Data provided

----

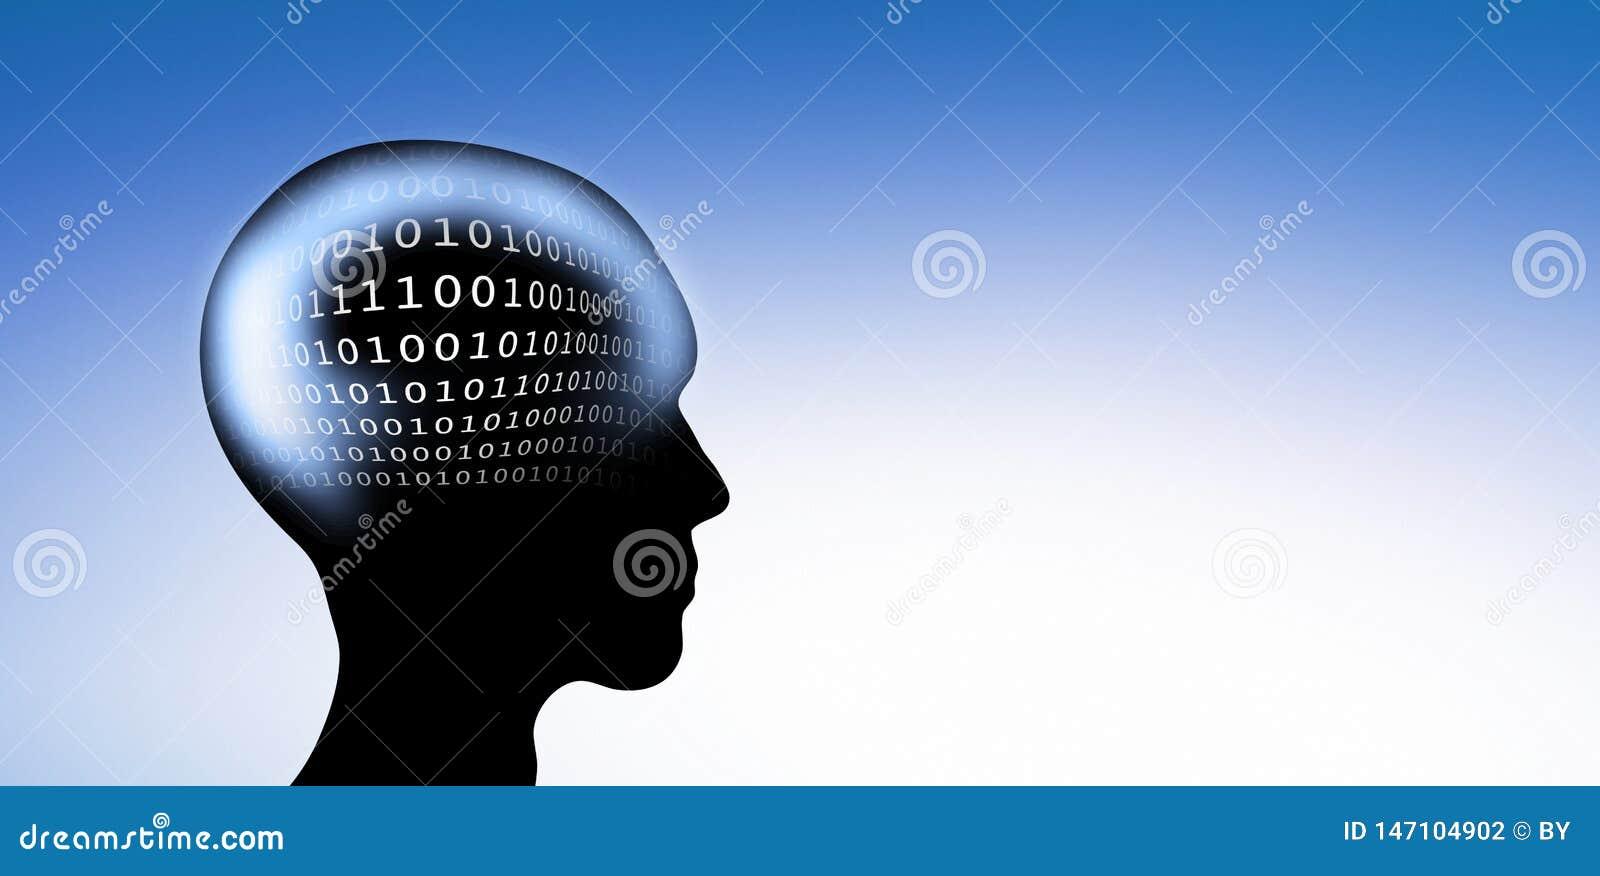 Digital-Code im Kopf
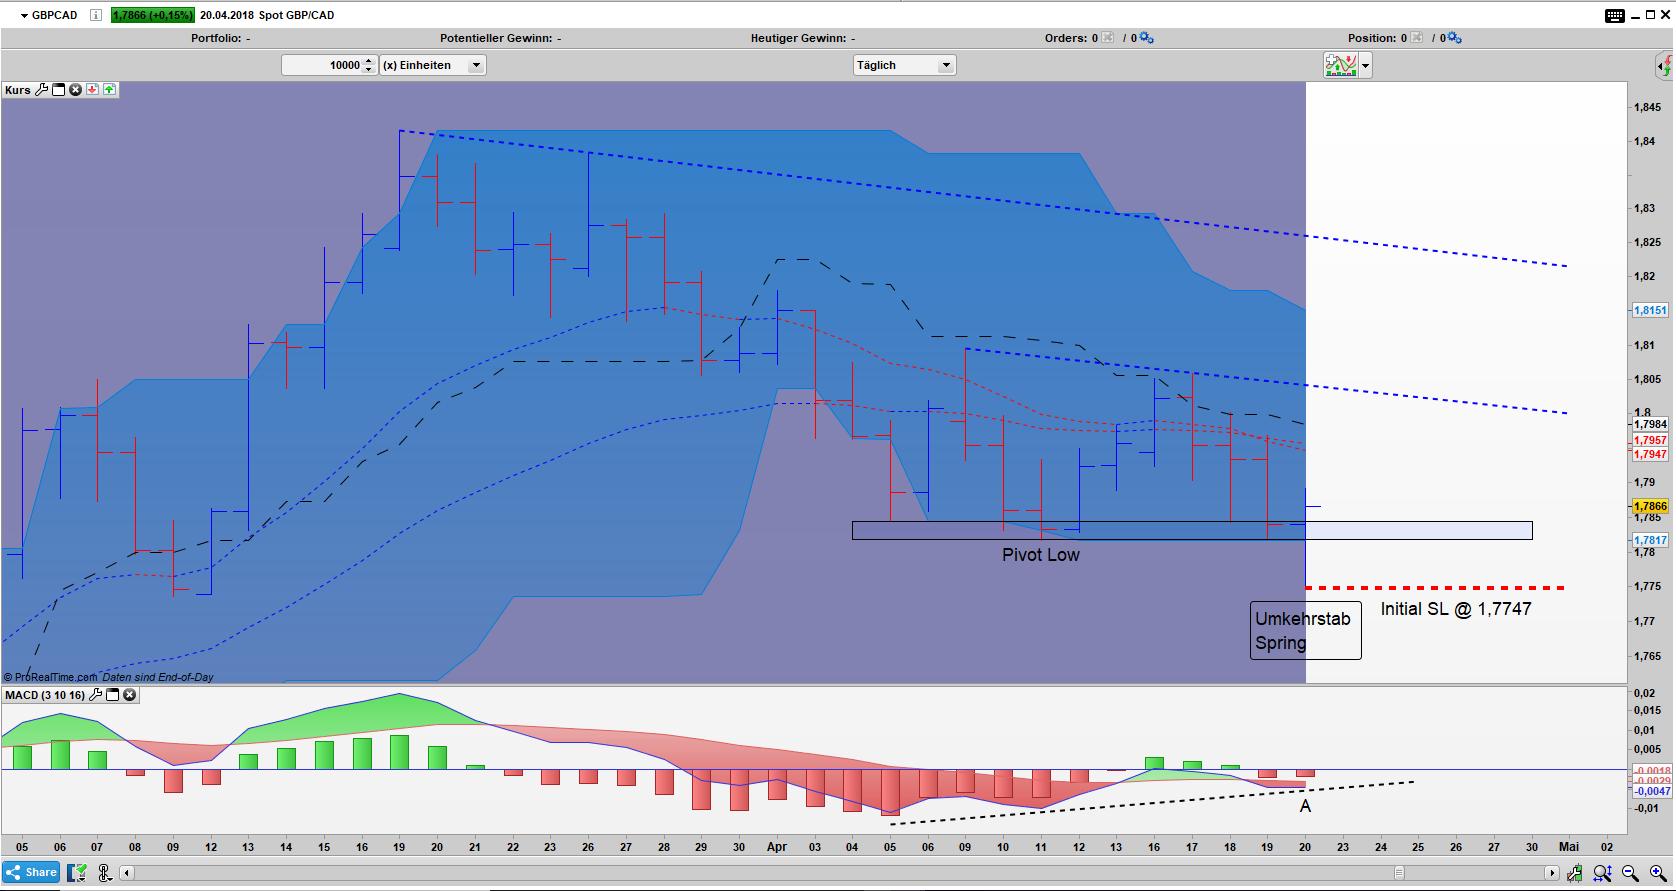 GBP/CAD Bar Tages Chart: Umkehrstab Spring Pattern geformt, gute Chance auf drei Tage up
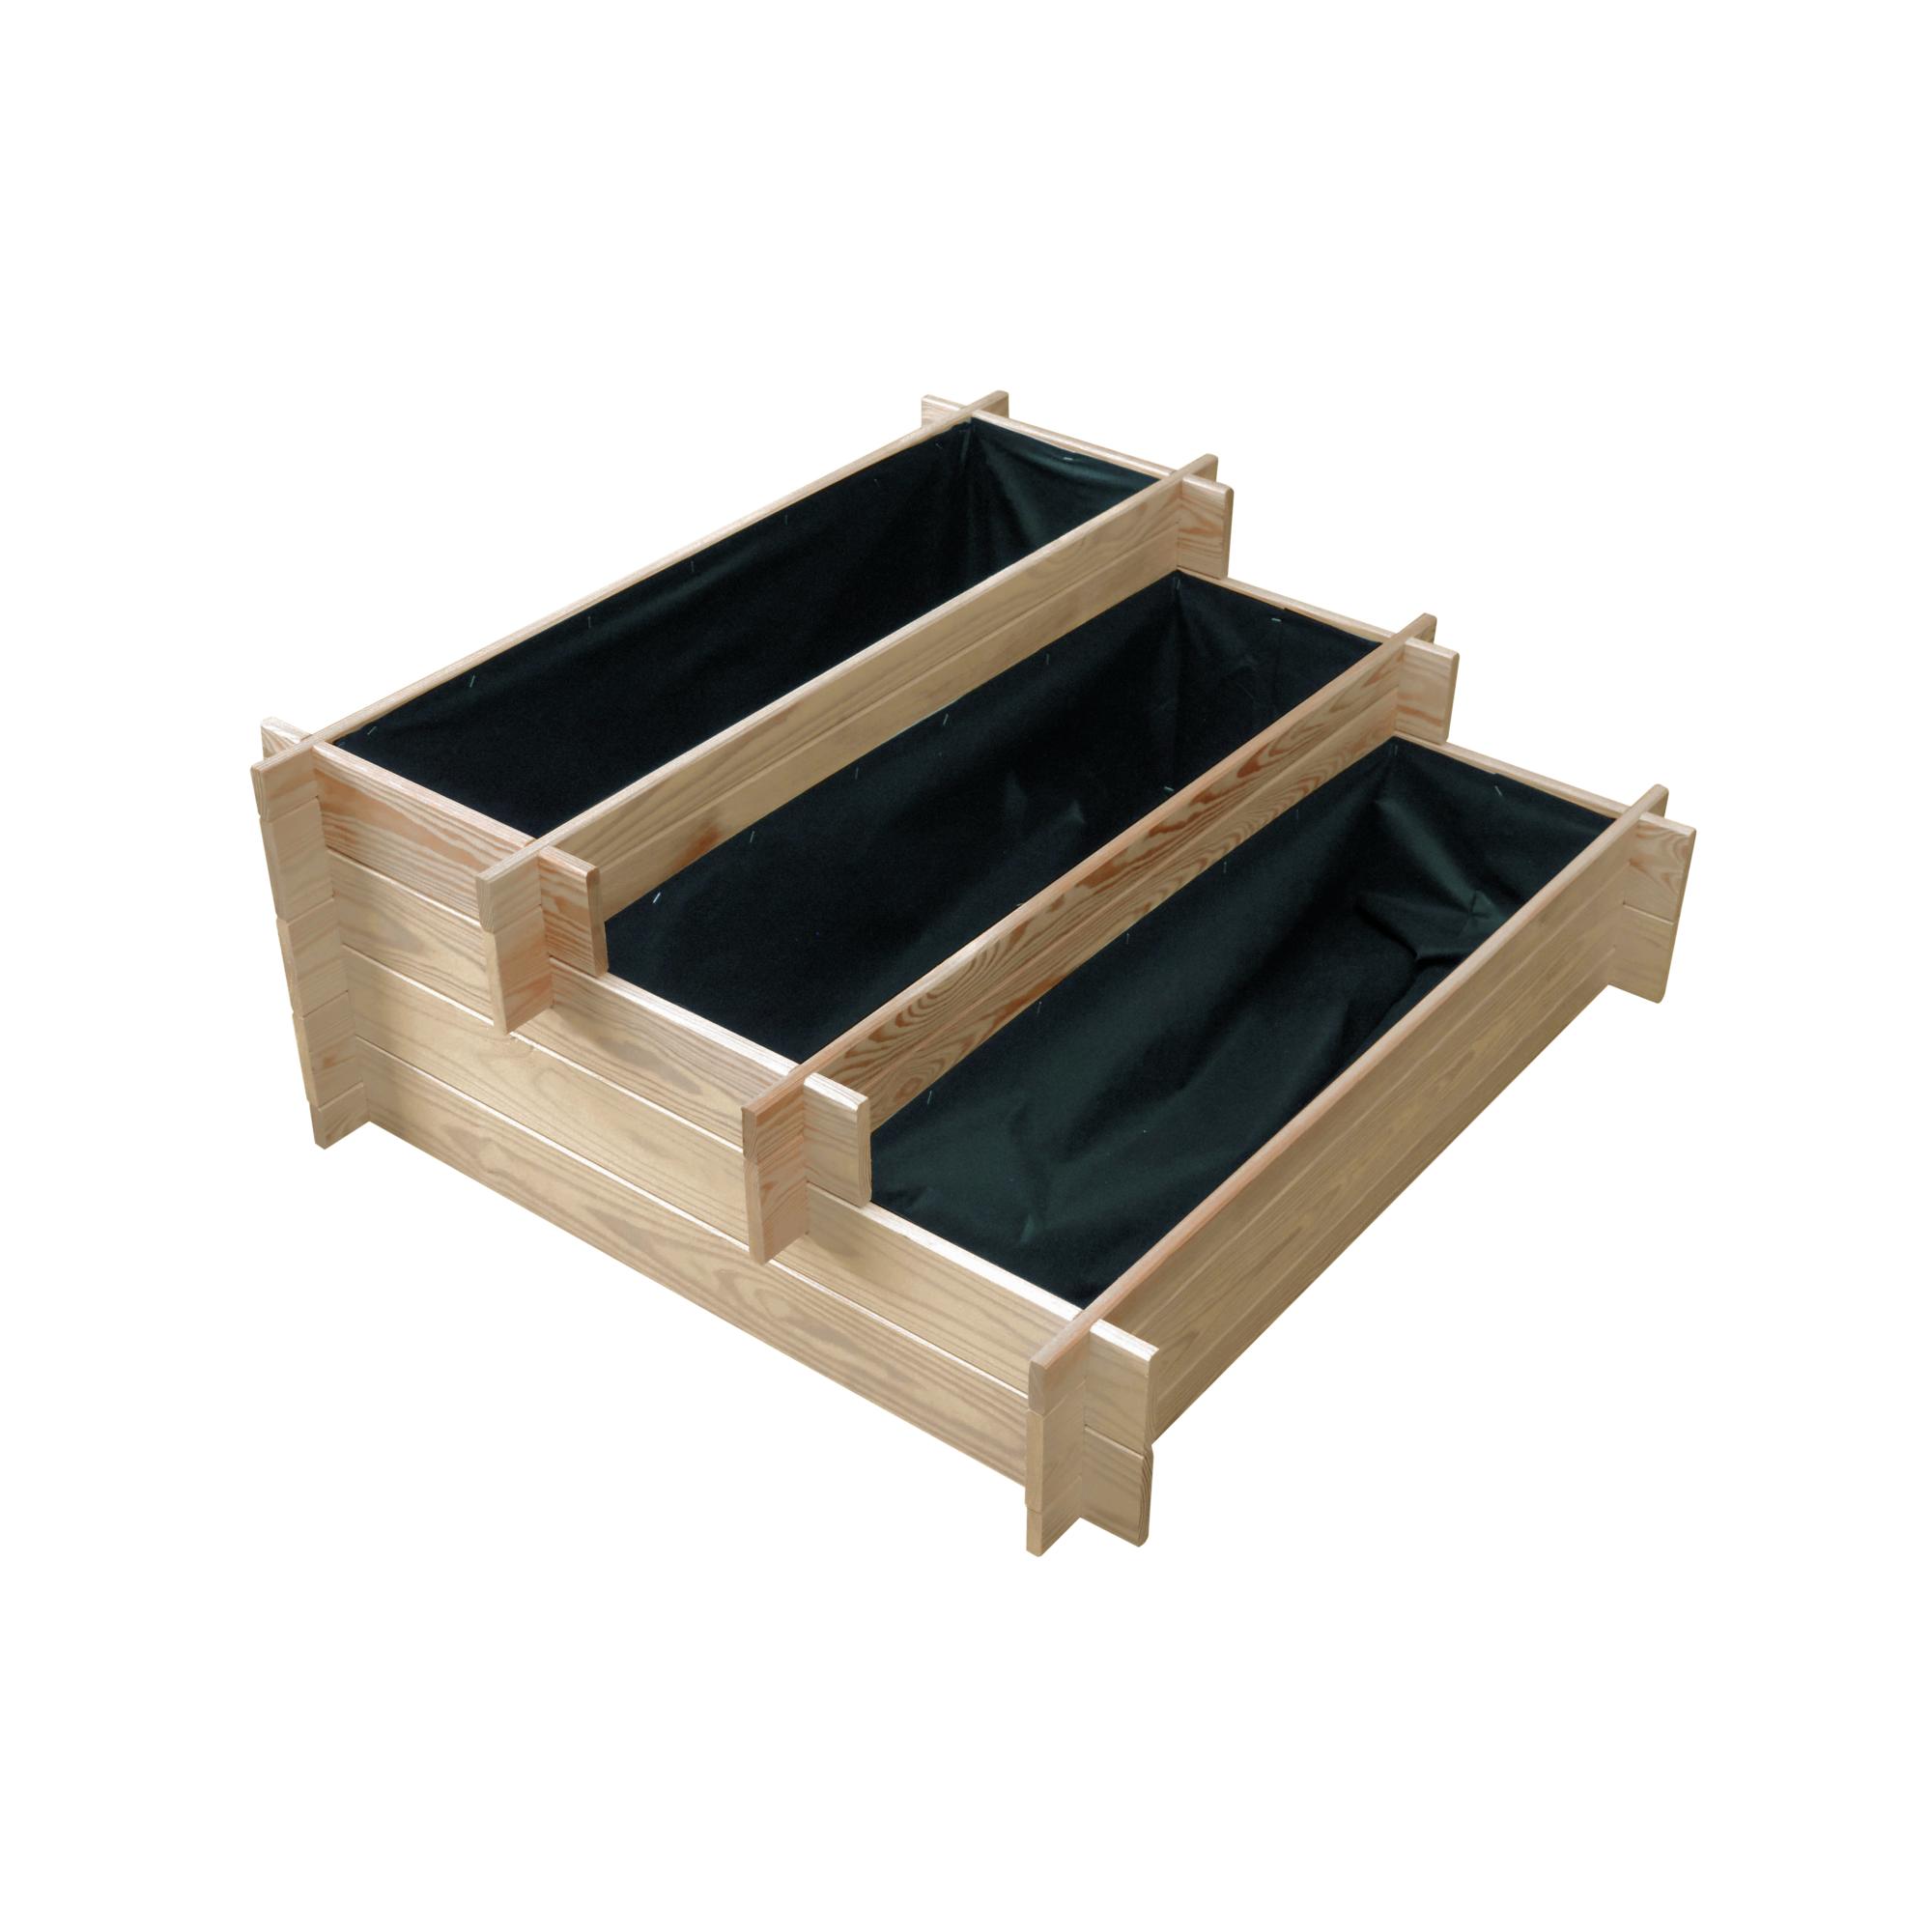 Holzbeet Linda 120 X 80 Cm Grau ǀ Toom Baumarkt

----

Try it
Quote in full the listing given above; the images are to be left out.

Your solution
 Digital-Code im Kopf
 GBP/CAD Bar Tages Chart: Umkehrstab Spring Pattern geformt, gute Chance auf drei Tage up
 Holzbeet Linda 120 X 80 Cm Grau ǀ Toom Baumarkt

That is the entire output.